10. Comparison to predicate device and conclusion

The technological characteristics, features, specifications, materials, and intended use of IPL Hair Removal Device, model: UI04A, UI04C is substantially equivalent to the predicate devices quoted above.

IPL Hair Removal Device relies on the same technology as both predicate devices: Intense Pulsed Light (IPL). Their energy source is the same: Xenon Arc Flashlamp.

The safety and efficacy of IPL treatment for hair reduction are governed by the following parameters:

· Wavelength of the emitted light (spectrum): Defines the interaction with specific chromophores (the part of the molecule responsible for its color) such as melanin, hemoglobin and water. IPL Hair Removal Device and the predicate devices utilize the same spectrum(550-1200nm).

• Fluence/flux – defines the energy per area (e.g. joules per cm²) for the treatment. IPL Hair Removal Device and the predicate devices deliver the same maximum energy (6 J/cm2).

The differences between the subject device and predicate devices do not raise new issues of safety or effectiveness.

Conclusion:

The subject device "IPL Hair Removal Device, Model: UI04A, UI04B, UI04C" is substantial equivalent to all predicate devices.
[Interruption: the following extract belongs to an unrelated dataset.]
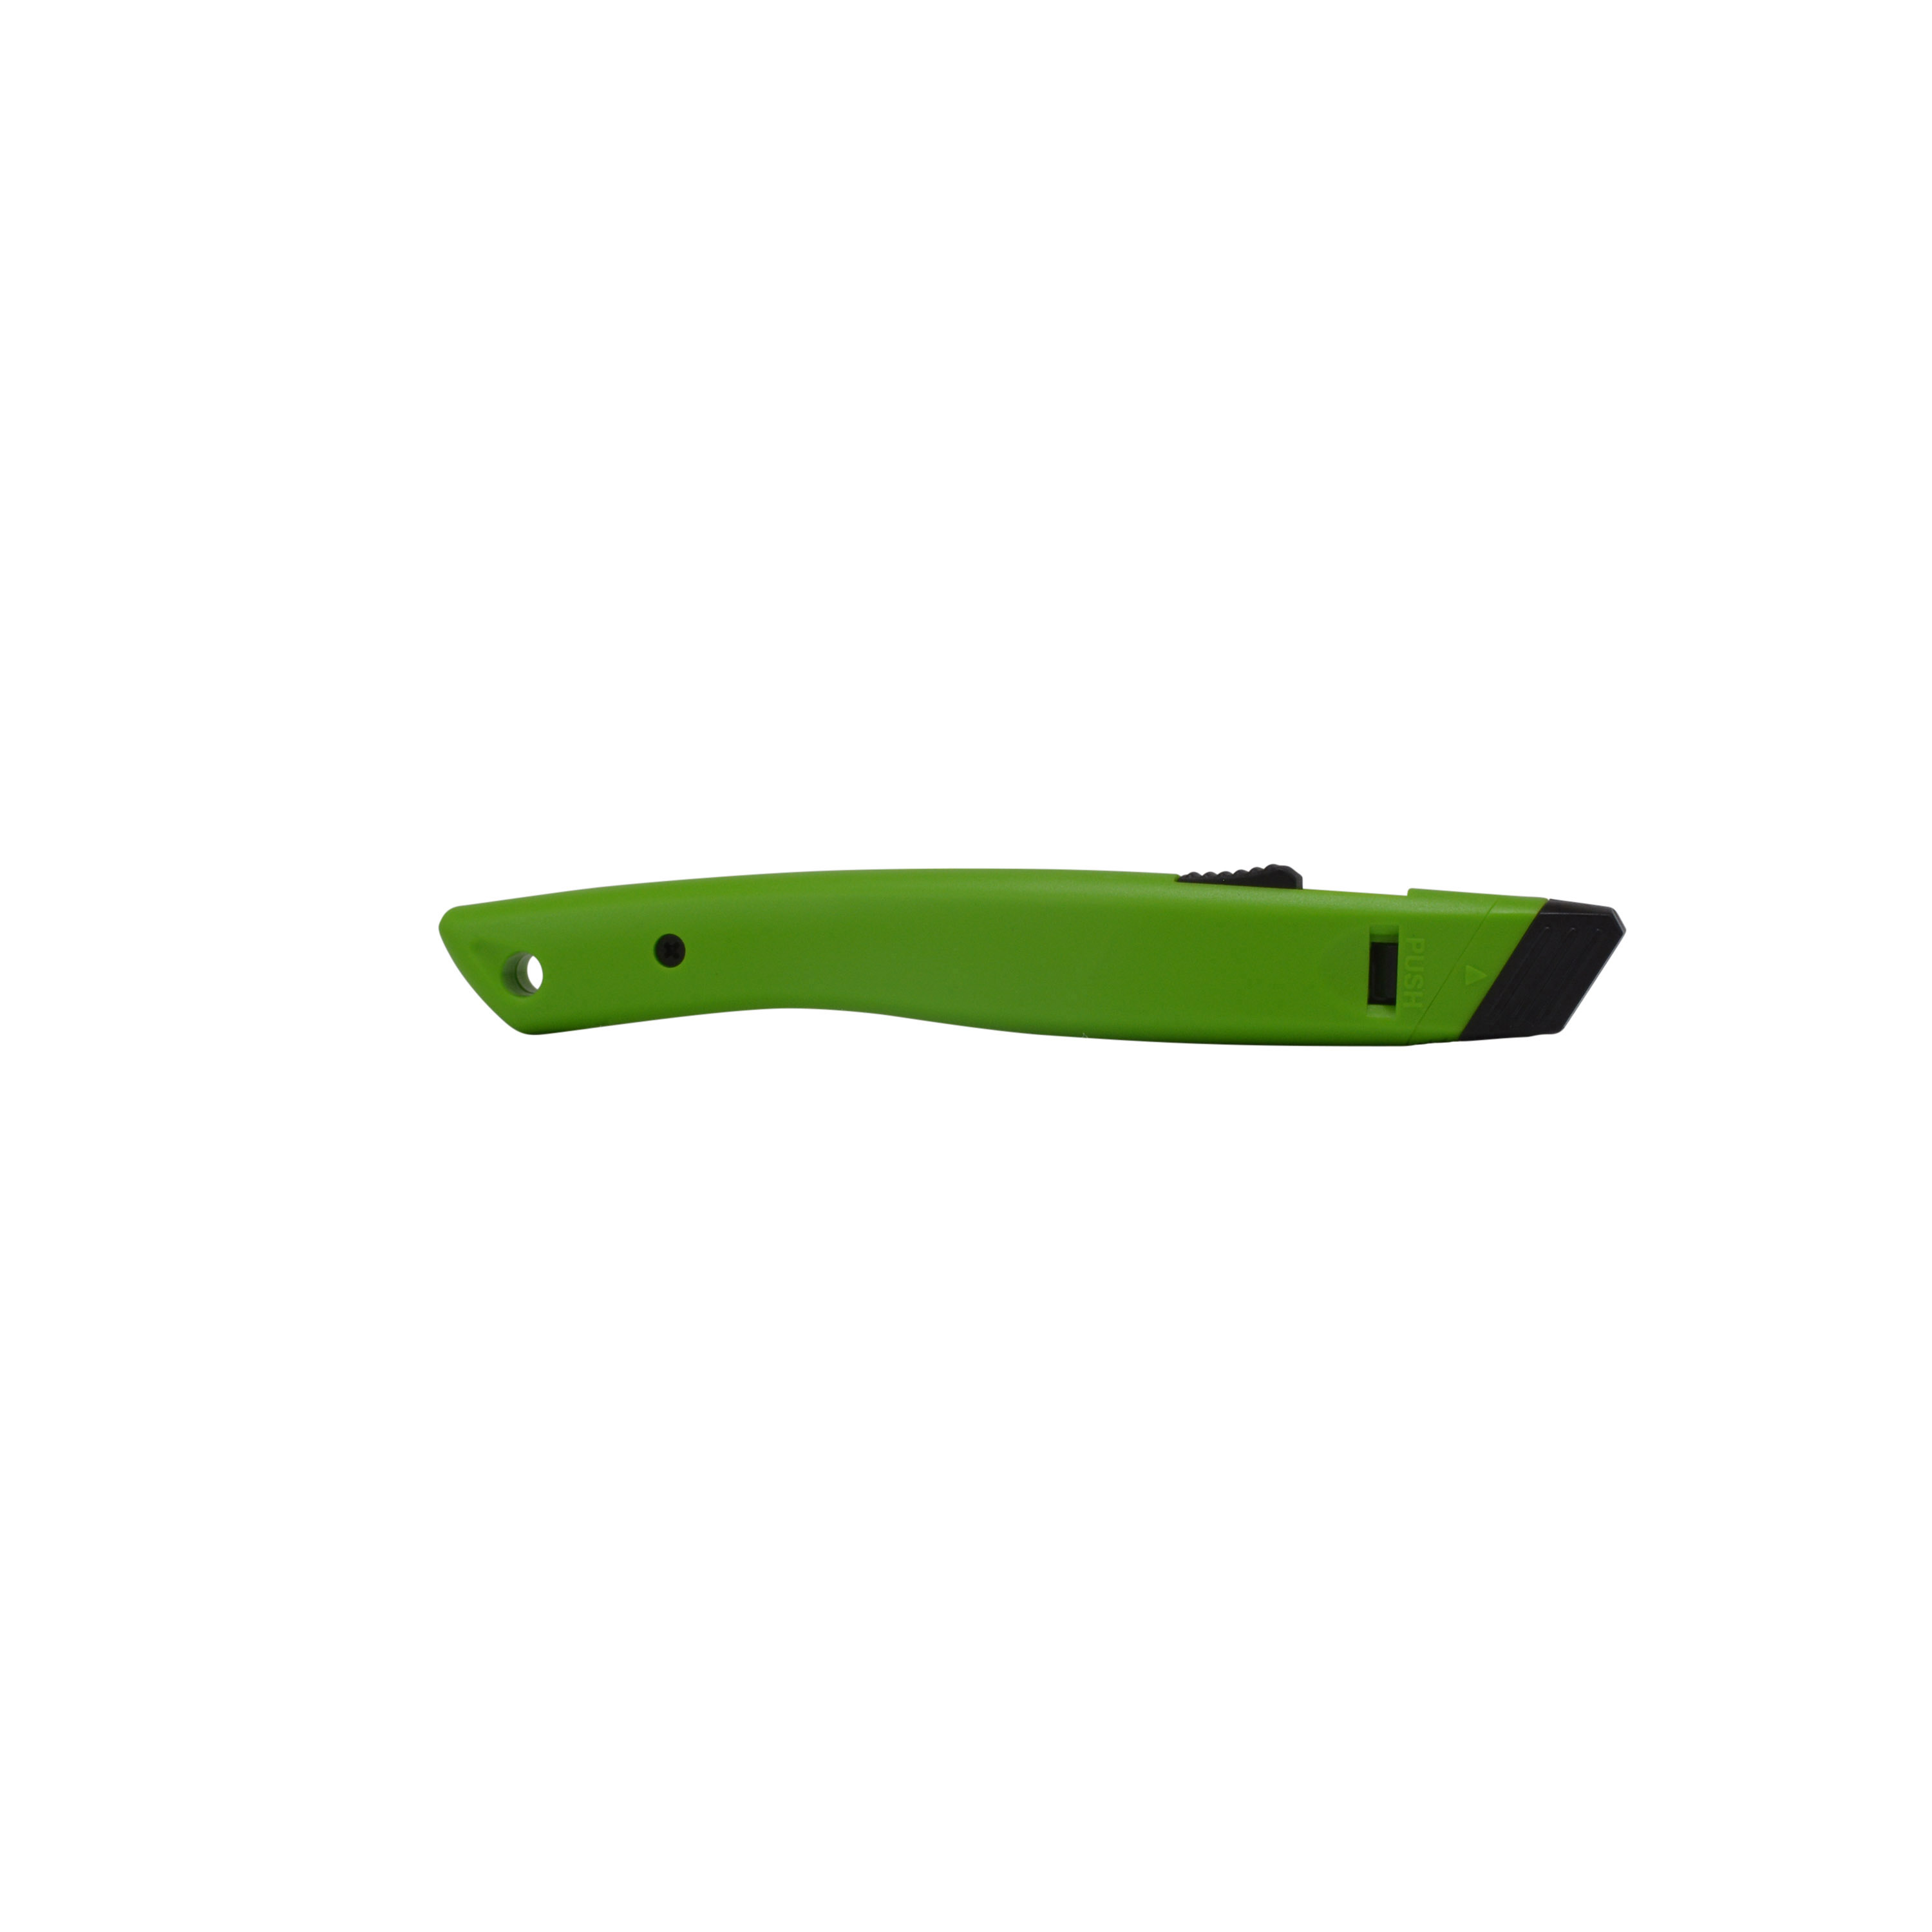 Westcott 17519 Full-Size Ceramic Blade Box Cutter, Retractable Utility Knife
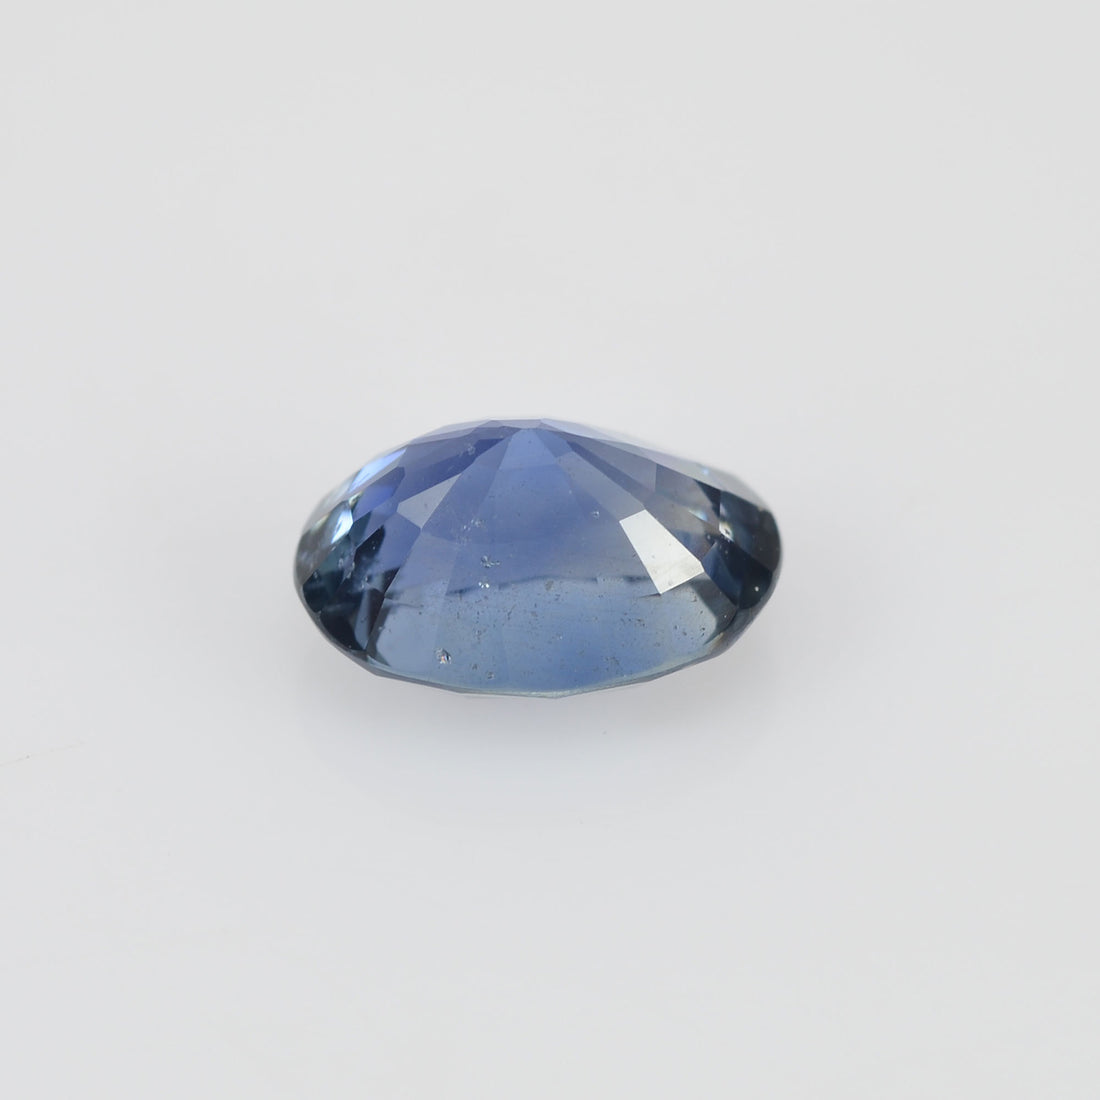 1.83 Cts Natural Blue Sapphire Loose Gemstone Oval Cut - Thai Gems Export Ltd.

Regulation Number and Section

§ 878.4810 Laser surgical instrument for use in general and plastic surgery and in dermatology.

(a)
Identification. (1) A carbon dioxide laser for use in general surgery and in dermatology is a laser device intended to cut, destroy, or remove tissue by light energy emitted by carbon dioxide.(2) An argon laser for use in dermatology is a laser device intended to destroy or coagulate tissue by light energy emitted by argon.
(b)
Classification. (1) Class II.(2) Class I for special laser gas mixtures used as a lasing medium for this class of lasers. The devices subject to this paragraph (b)(2) are exempt from the premarket notification procedures in subpart E of part 807 of this chapter, subject to the limitations in § 878.9.